Advanced¶

The Adversarial class provides an advanced way to specify the adversarial example that should be found by an attack and provides detailed information about the created adversarial. In addition, it provides a way to improve a previously found adversarial example by re-running an attack.

from foolbox.v1 import Adversarial
from foolbox.v1.attacks import LBFGSAttack
from foolbox.models import TenosrFlowModel
from foolbox.criteria import TargetClassProbability

Implicit¶

model = TensorFlowModel(inputs, logits, bounds=(0, 255))
criterion = TargetClassProbability('ostrich', p=0.99)
attack = LBFGSAttack(model, criterion)

Running the attack by passing an input and a label will implicitly create an Adversarial instance. By passing unpack=False we tell the attack to return the Adversarial instance rather than a numpy array.

adversarial = attack(image, label=label, unpack=False)

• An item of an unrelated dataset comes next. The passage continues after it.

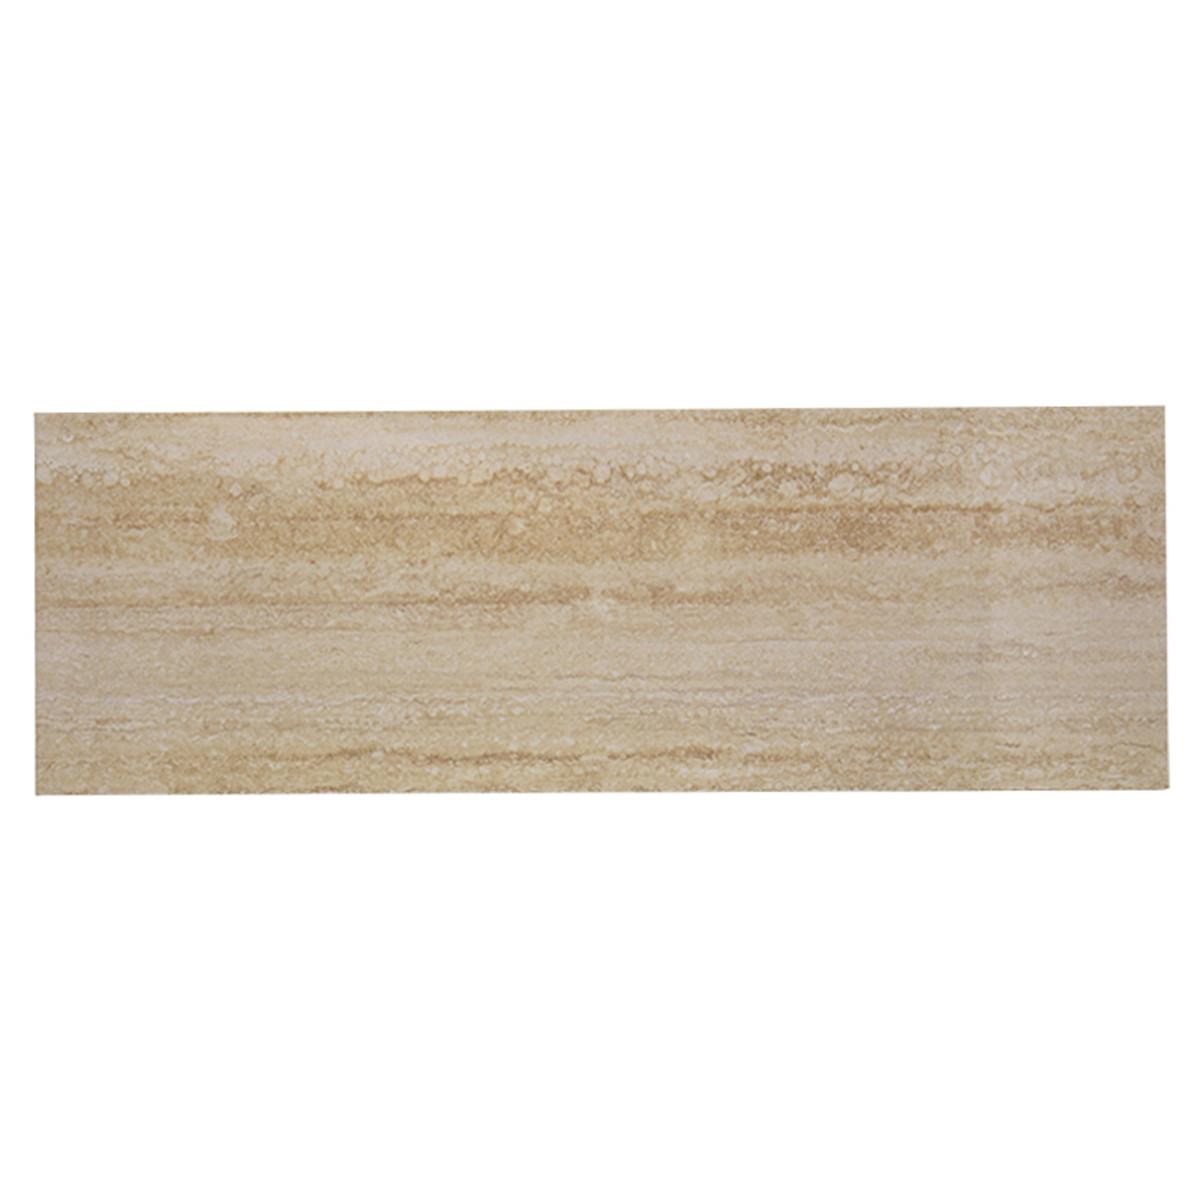 Плитка настенная Travertine 25х75 см 1.31 м2 цвет коричневый

We can then get the actual adversarial input using the image attribute:

adversarial_image = adversarial.perturbed

Explicit¶

model = TensorFlowModel(images, logits, bounds=(0, 255))
criterion = TargetClassProbability('ostrich', p=0.99)
attack = LBFGSAttack()

We can also create the Adversarial instance ourselves and then pass it to the attack.

adversarial = Adversarial(model, criterion, image, label)
attack(adversarial)

Again, we can get the image using the image attribute:

adversarial_image = adversarial.perturbed

This approach gives us more flexibility and allows us to specify a different distance measure:

distance = MeanAbsoluteDistance
adversarial = Adversarial(model, criterion, image, label, distance=distance)